Some people survived by punching holes in attics and carried sick relatives away from the flood. On the 91st Street Pier, formerly a two-story structure resembling a house that extended some 400 feet (120 m) into the Gulf, three persons opted to ride the storm out, despite a National Weather Service warning direly predicting that they faced "certain death" from what was expected to be up to a 24-foot storm surge. Calling local emergency operators three hours ahead of Ike's landfall, they requested evacuation by Coast Guard personnel, as the entire length of the pier and the structure's first story had by that time fallen into the Gulf. They were informed that no one could rescue them at that time, due to the unacceptable risks their prospective rescuers would be subjected to. Weathering the storm huddled inside what remained of the pier's second floor, they were lifted to safety by a rescue helicopter late the following morning.

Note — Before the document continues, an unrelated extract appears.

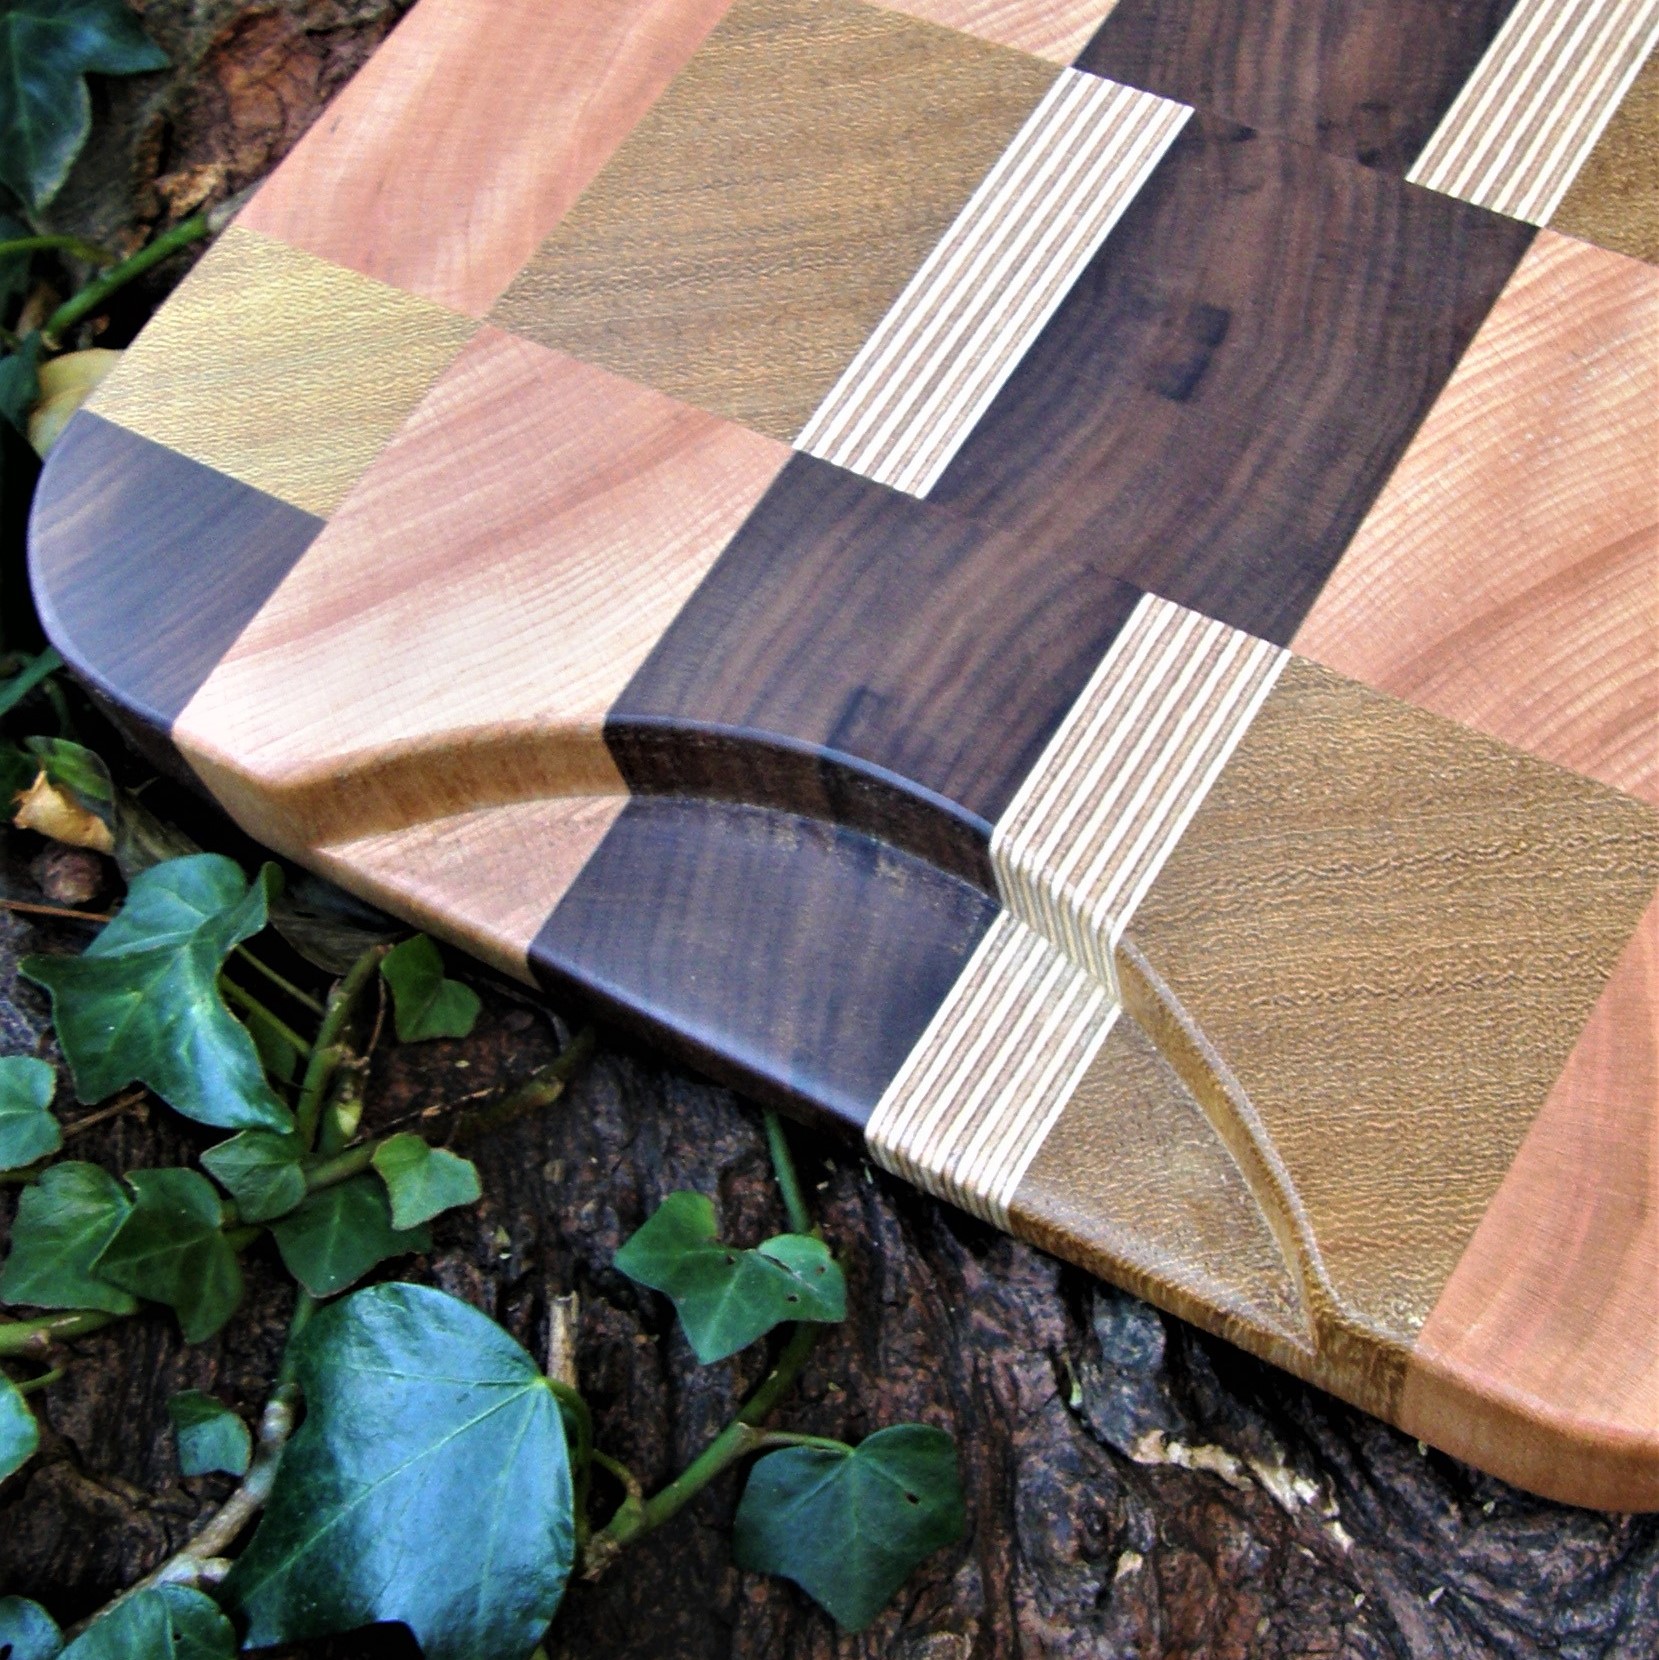 Rathlin Handmade End Grain chopping board by Grant Designs.

An early survey of Galveston Island, performed late Saturday, September 13 and Sunday, September 14, 2008, indicated that the entirety of the Island west of 11 Mile Road was entirely devastated, and that few structures on Galveston's western one-third had survived. This area of near-total destruction includes the communities of Bayou Vista and Jamaica Beach, as well as the Galveston Country Club and the Galveston Island State Park. The affected area previously included some 1,000 structures, including single-family dwellings, commercial enterprises, and hotels and resorts. It is unknown how many residents may have ignored repeated calls to evacuate, or what became of those who decided to remain in Galveston's vulnerable West End.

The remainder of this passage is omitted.